[gpfsug-discuss] Best way to migrate data : Plan B: policy engine + rsync

Alexander Saupp Alexander.Saupp at de.ibm.com
Tue Oct 23 06:51:54 BST 2018



Hi,

I agree, a tool with proper wrapping delivered in samples would be the
right approach.

No warranty, no support - below a prototype I documented 2 years ago (prior
to mmfind availability). The BP used an alternate approach, so its not
tested at scale, but the principle was tested and works.
Reading through it right now I'd re-test the 'deleted files on destination
that were deleted on the source' scenario, that might now require some
fixing.

# Use 'GPFS patched' rsync on both ends to keep GPFS attributes
      https://github.com/gpfsug/gpfsug-tools/tree/master/bin/rsync

# Policy - initial & differential (add mod_time > .. for incremental runs.
Use MOD_TIME < .. to have a defined start for the next incremental rsync,
remove it for the 'final' rsync)
      #
      http://www.ibm.com/support/knowledgecenter/STXKQY_4.2.0/com.ibm.spectrum.scale.v4r2.adv.doc/bl1adv_usngfileattrbts.htm

      cat /tmp/policy.pol
      RULE 'mmfind'
          LIST 'mmfindList'
          DIRECTORIES_PLUS
          SHOW(
                VARCHAR(MODE) || ' ' ||
                VARCHAR(NLINK) || ' ' ||
                VARCHAR(USER_ID) || ' ' ||
                VARCHAR(GROUP_ID) || ' ' ||
                VARCHAR(FILE_SIZE) || ' ' ||
                VARCHAR(KB_ALLOCATED) || ' ' ||
                VARCHAR(POOL_NAME) || ' ' ||
                VARCHAR(MISC_ATTRIBUTES) || ' ' ||
                VARCHAR(ACCESS_TIME) || ' ' ||
                VARCHAR(CREATION_TIME) || ' ' ||
                VARCHAR(MODIFICATION_TIME)
              )
      # First run
          WHERE MODIFICATION_TIME < TIMESTAMP('2016-08-10 00:00:00')
      # Incremental runs
          WHERE MODIFICATION_TIME > TIMESTAMP('2016-08-10 00:00:00') and
      MODIFICATION_TIME < TIMESTAMP('2016-08-20 00:00:00')
      # Final run during maintenance, should also do deletes, ensure you to
      call rsync the proper way (--delete)
          WHERE TRUE


# Apply policy, defer will ensure the result file(s) are not deleted
      mmapplypolicy  group3fs -P /tmp/policy.pol  -f /ibm/group3fs/pol.txt
      -I defer

# FYI only - look at results, ... not required
      # cat /ibm/group3fs/pol.txt.list.mmfindList
      3 1 0  drwxr-xr-x 4 0 0 262144 512 system D2u 2016-08-25
      08:30:35.053057 -- /ibm/group3fs
      41472 1077291531 0  drwxr-xr-x 5 0 0 4096 0 system D2u 2016-08-18
      21:07:36.996777 -- /ibm/group3fs/ces
      60416 842873924 0  drwxr-xr-x 4 0 0 4096 0 system D2u 2016-08-18
      21:07:45.947920 -- /ibm/group3fs/ces/ha
      60417 2062486126 0  -rw-r--r-- 1 0 0 0 0 system FAu 2016-08-19
      15:17:57.428922 -- /ibm/group3fs/ces/ha/.dummy
      60418 436745294 0  drwxr-xr-x 4 0 0 4096 0 system D2u 2016-08-18
      21:05:54.482094 -- /ibm/group3fs/ces/ces
      60419 647668346 0  -rw-r--r-- 1 0 0 0 0 system FAu 2016-08-19
      15:17:57.484923 -- /ibm/group3fs/ces/ces/.dummy
      60420 1474765985 0  -rw-r--r-- 1 0 0 0 0 system FAu 2016-08-18
      21:06:43.133640
      -- /ibm/group3fs/ces/ces/addrs/1471554403-node0-9.155.118.69
      60421 1020724013 0  drwxr-xr-x 2 0 0 4096 0 system D2um 2016-08-18
      21:07:37.000695 -- /ibm/group3fs/ces/ganesha
      cat /ibm/group3fs/pol.txt.list.mmfindList  |awk ' { print $19}'

      /ibm/group3fs/ces/ha/.dummy
      /ibm/group3fs/ces/ces/.dummy
      /ibm/group3fs/ces/ha/nfs/ganesha/v4recov/node3
      /ibm/group3fs/ces/ha/nfs/ganesha/v4old/node3
      /ibm/group3fs/pol.txt.list.mmfindList
      /ibm/group3fs/ces/ces/connections
      /ibm/group3fs/ces/ha/nfs/ganesha/gpfs-epoch
      /ibm/group3fs/ces/ha/nfs/ganesha/v4recov
      /ibm/group3fs/ces/ha/nfs/ganesha/v4old

# Start rsync - could split up single result file into multiple ones for
parallel / multi node runs
      rsync -av --gpfs-attrs --progress --files-from $
      ( cat /ibm/group3fs/pol.txt.list.mmfindList ) 10.10.10.10:/path

Be sure you verify that extended attributes are properly replicated.

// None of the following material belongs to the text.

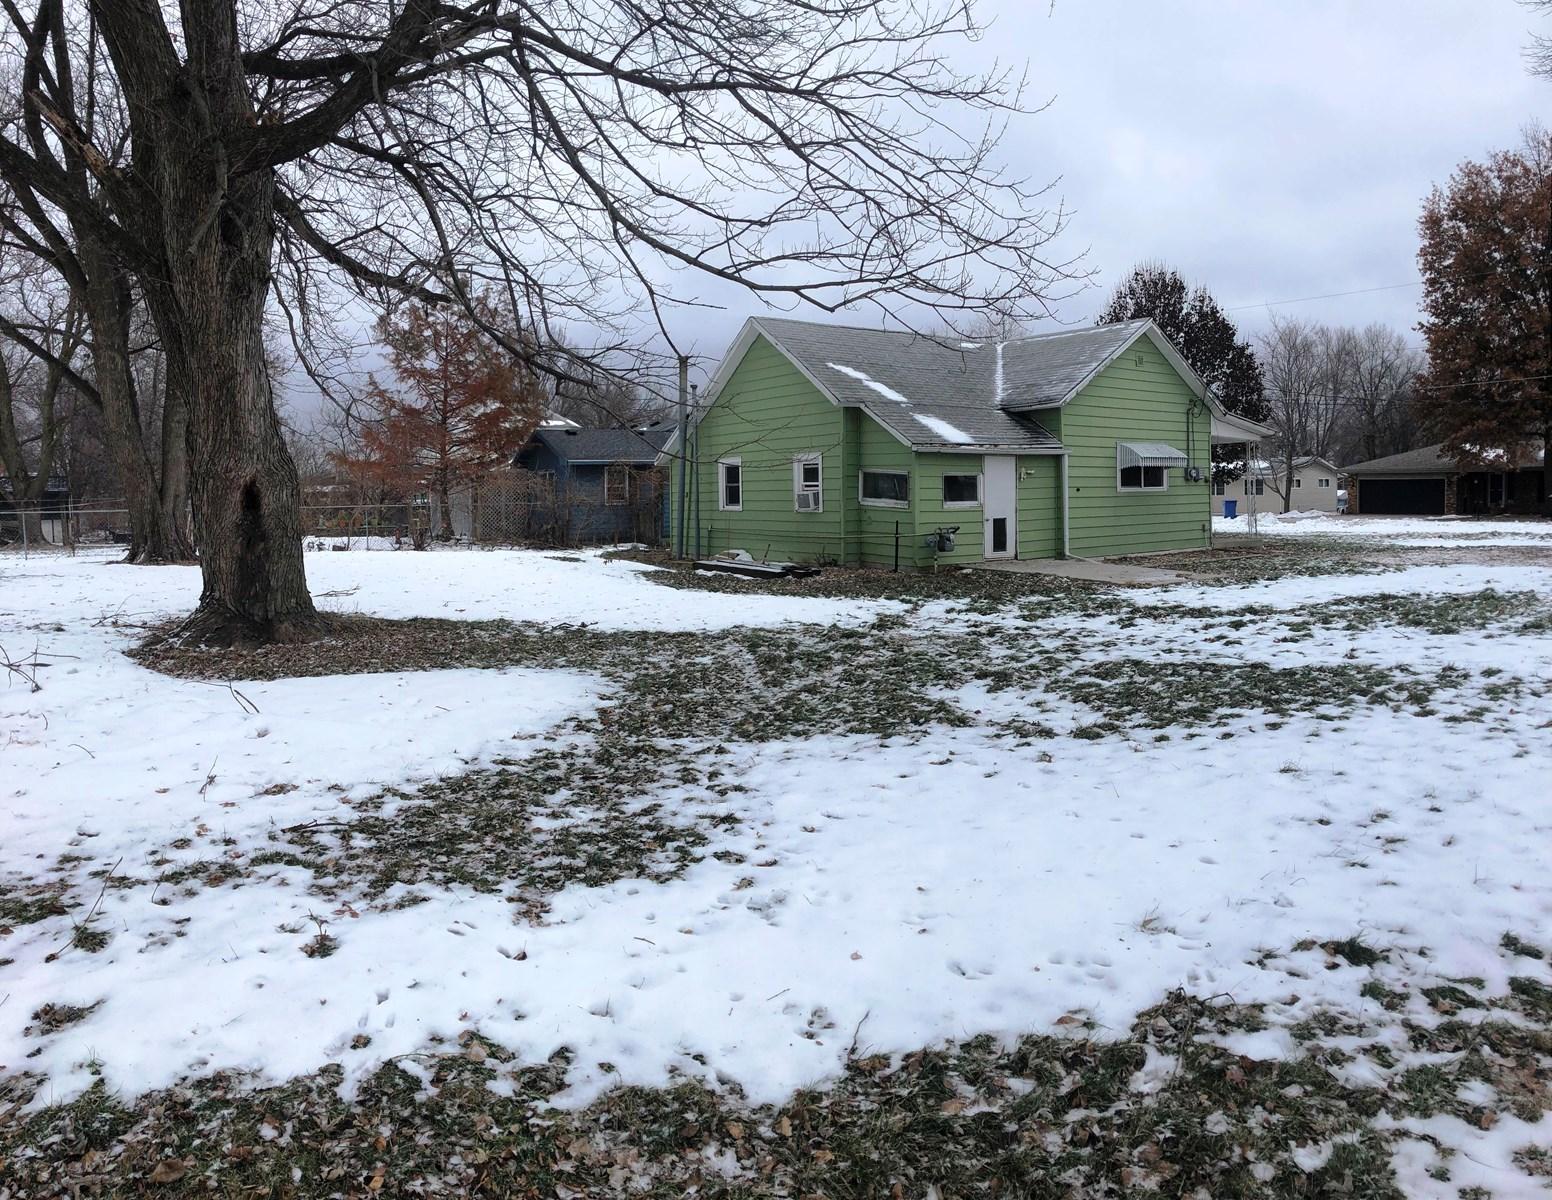 Albia Iowa Home for Sale
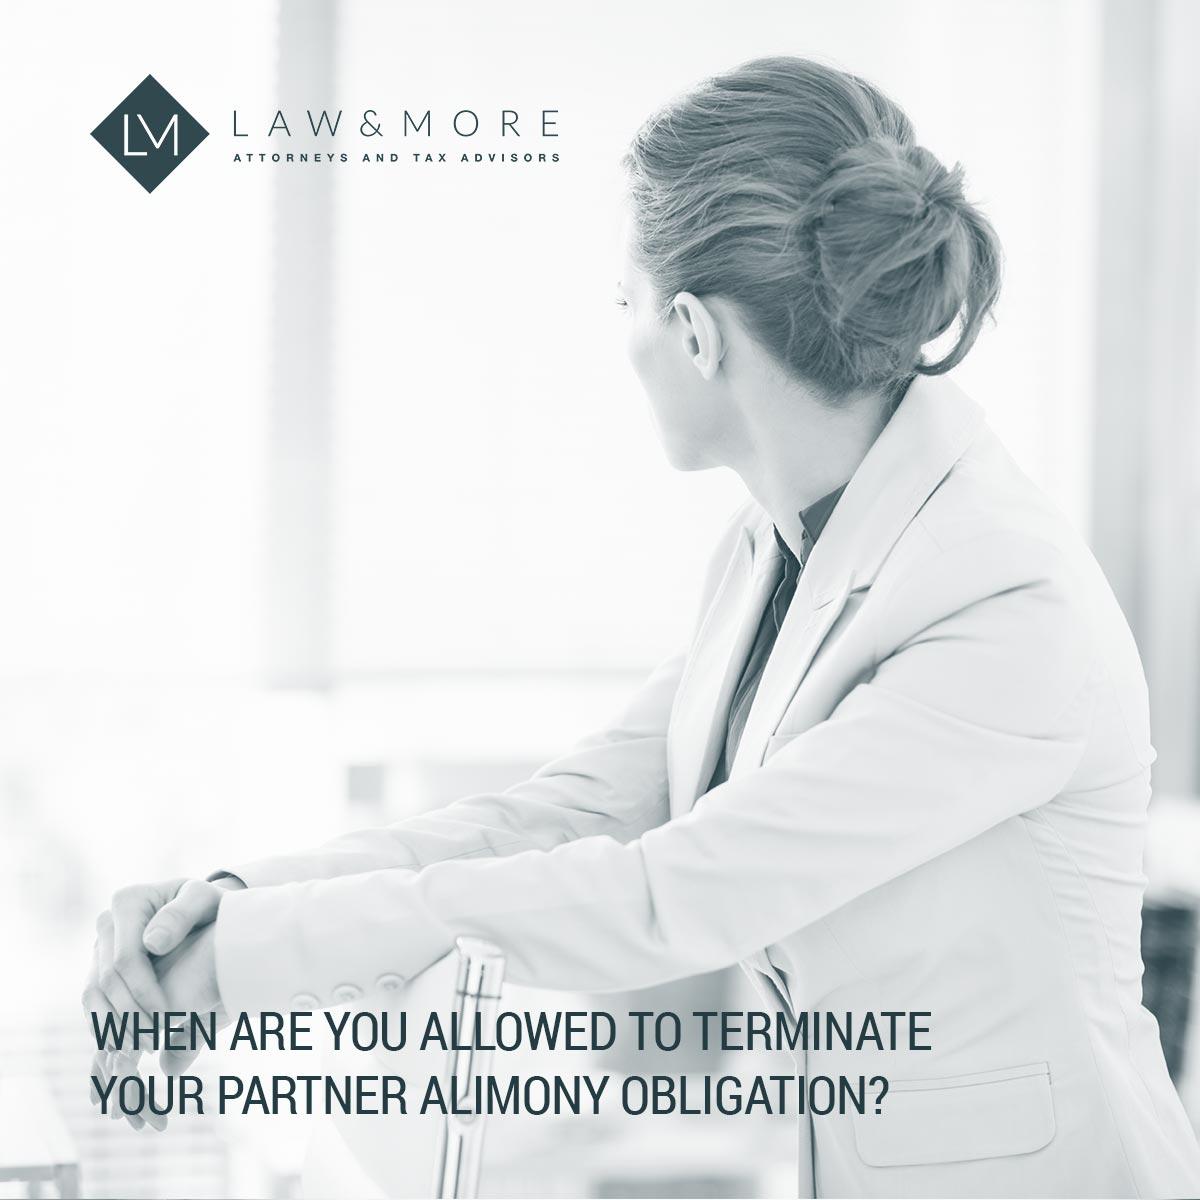 Kedy máte dovolené ukončiť svoju partnerskú povinnosť výživného?

I have
in mind that you need to ensure the 'remote' rsync is not the default one,
but the one with GPFS capabilities (rsync -e "remoteshell").

Kind regards,
Alex Saupp


Mit freundlichen Grüßen / Kind regards

Alexander Saupp

IBM Systems, Storage Platform, EMEA Storage Competence Center
                                                                                                              
                                                                                                              
                                                                                                              
                                                                                                              
                                                                                                              
 Phone:            +49 7034-643-1512                         IBM Deutschland GmbH                             
                                                                                                              
 Mobile:           +49-172 7251072                           Am Weiher 24                                     
                                                                                                              
 Email:            alexander.saupp at de.ibm.com                65451 Kelsterbach                                
                                                                                                              
                                                             Germany                                          
                                                                                                              
                                                                                                              
                                                                                                              
 IBM Deutschland                                                                                              
 GmbH /                                                                                                       
 Vorsitzender des                                                                                             
 Aufsichtsrats:                                                                                               
 Martin Jetter                                                                                                
 Geschäftsführung:                                                                                            
 Matthias Hartmann                                                                                            
 (Vorsitzender),                                                                                              
 Norbert Janzen,                                                                                              
 Stefan Lutz,                                                                                                 
 Nicole Reimer,                                                                                               
 Dr. Klaus                                                                                                    
 Seifert, Wolfgang                                                                                            
 Wendt                                                                                                        
 Sitz der                                                                                                     
 Gesellschaft:                                                                                                
 Ehningen /                                                                                                   
 Registergericht:                                                                                             
 Amtsgericht                                                                                                  
 Stuttgart, HRB                                                                                               
 14562 /                                                                                                      
 WEEE-Reg.-Nr. DE                                                                                             
 99369940                                                                                                     
                                                                                                              

-------------- next part --------------
An HTML attachment was scrubbed...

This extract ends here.